Грубость сиротства — на фоне чего? Нежности сыновства отцовства?

Первое совпадение лучшего для меня и лучшего на земле. Разве не ЕСТЕСТВЕННО, что ушло? За что ты — принимаешь жизнь??

Для тебя его смерть не в порядке вещей, для меня его жизнь — не в порядке, в порядке ином, иной порядок.

Да, главное, Как случилось, что ты средоточием письма взял частность твоего со мной — на час, год, десятилетие — разминовения, а не наше с ним — на всю жизнь, на всю землю — расставание. Словом, начал с последней строки своего последнего письма, а не с первой — моего (от 31-го). Твое письмо — продолжение. Не странно? Разве что-нибудь еще длится? Борис, разве ты не видишь, что то разминовение, всякое, пока живы, ЧАСТНОСТЬ — уже уничтоженная. Там «решал», «захотел», «пожелал», здесь: СТРЯСЛОСЬ.

Или это — сознательно? Бессознательный страх страдания? Тогда вспомни его Leid {272}, звук этого слова, и перенеси его и на меня, после такой потери ничем не уязвимой, кроме еще — ТАКОЙ. Т.е. — не бойся молчать, не бойся писать, все это раз и пока жив, неважно.

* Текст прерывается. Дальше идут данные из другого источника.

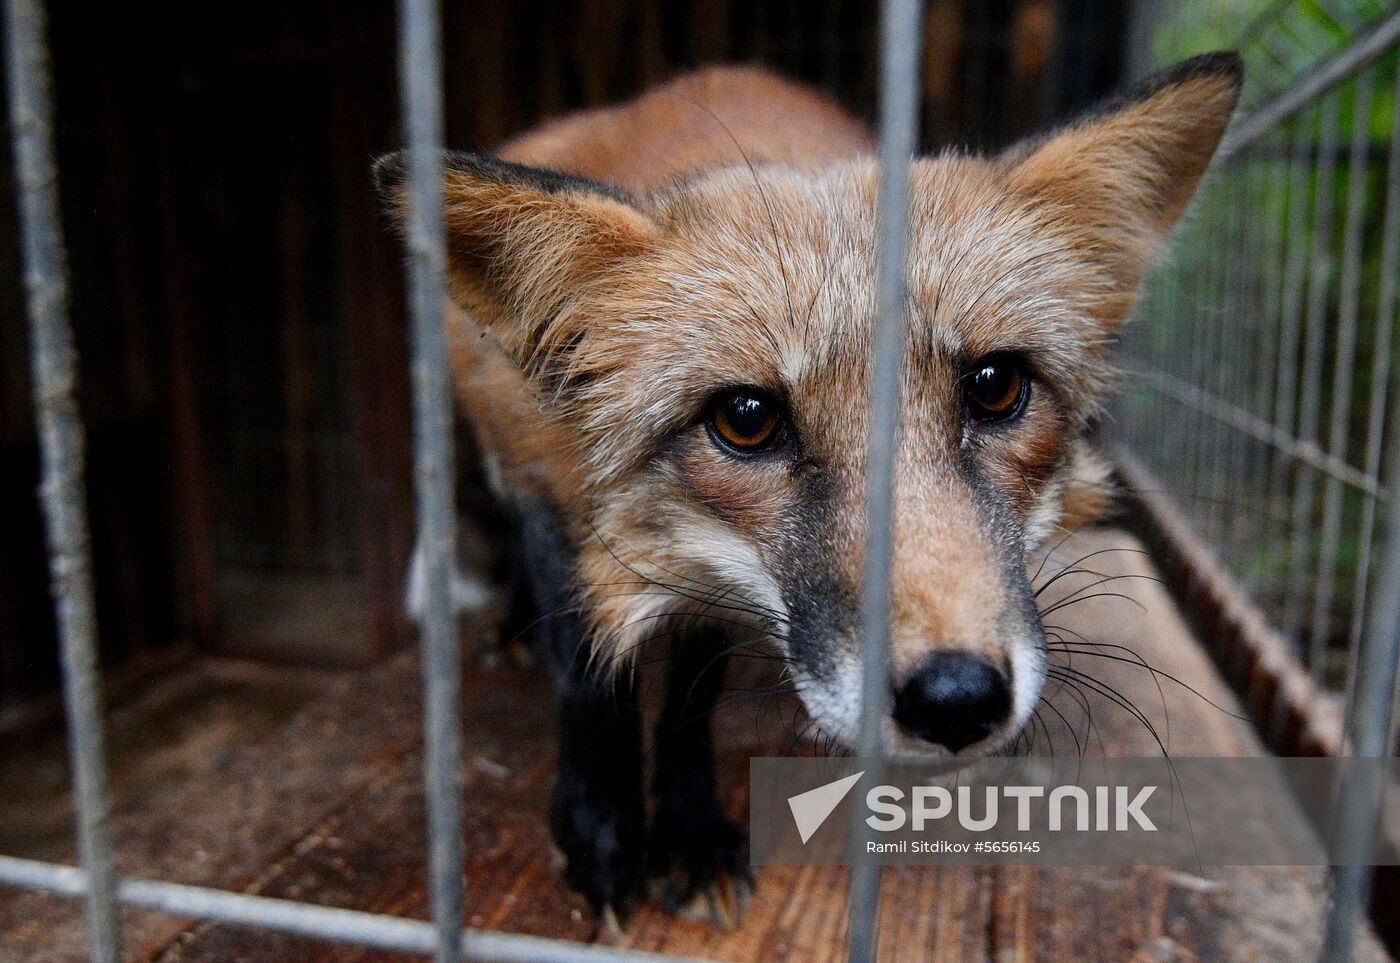 Russia Wild Animals Shelter

Дошло ли описание его погребения. Немножко узнала о его смерти: умер утром, пишут — будто бы тихо, без слов, трижды вздохнув, будто бы не зная, что умирает (поверю!). Скоро увижусь с русской, бывшей два последних месяца его секретарем. Да! Две недели спустя получила от него подарок немецкую Мифологию 1875 г. — год его рождения. Последняя книга, которую он читал, была Paul Vale?ry (Вспомни мой сон).

_____

Живу в страшной тесноте, две семьи в одной квартире, общая кухня, втроем в комнате, никогда не бываю одна, страдаю.

_____

Кто из русских поэтов (у нас их нет) пожалел о нем? Передал ли мой привет автору «Гренады»? (имя забыла)

Да, новая песня

И новая жисть.

Не надо, ребята,

О песнях тужить.

Не надо, не надо,

Не надо, друзья!

Гренада, Гренада, Гренада моя.

Версты эмигрантская печать безумно травит [1224]. Многие не подают руки. (Х<одасеви>ч первый). Если любопытно, напишу пространнее.

Передай Асе листочек, мои письма к ней не доходяг.

Впервые — НП. С. 321–327. СС-6. 268–272. Печ. по: Души начинают видеть. С. 289–294.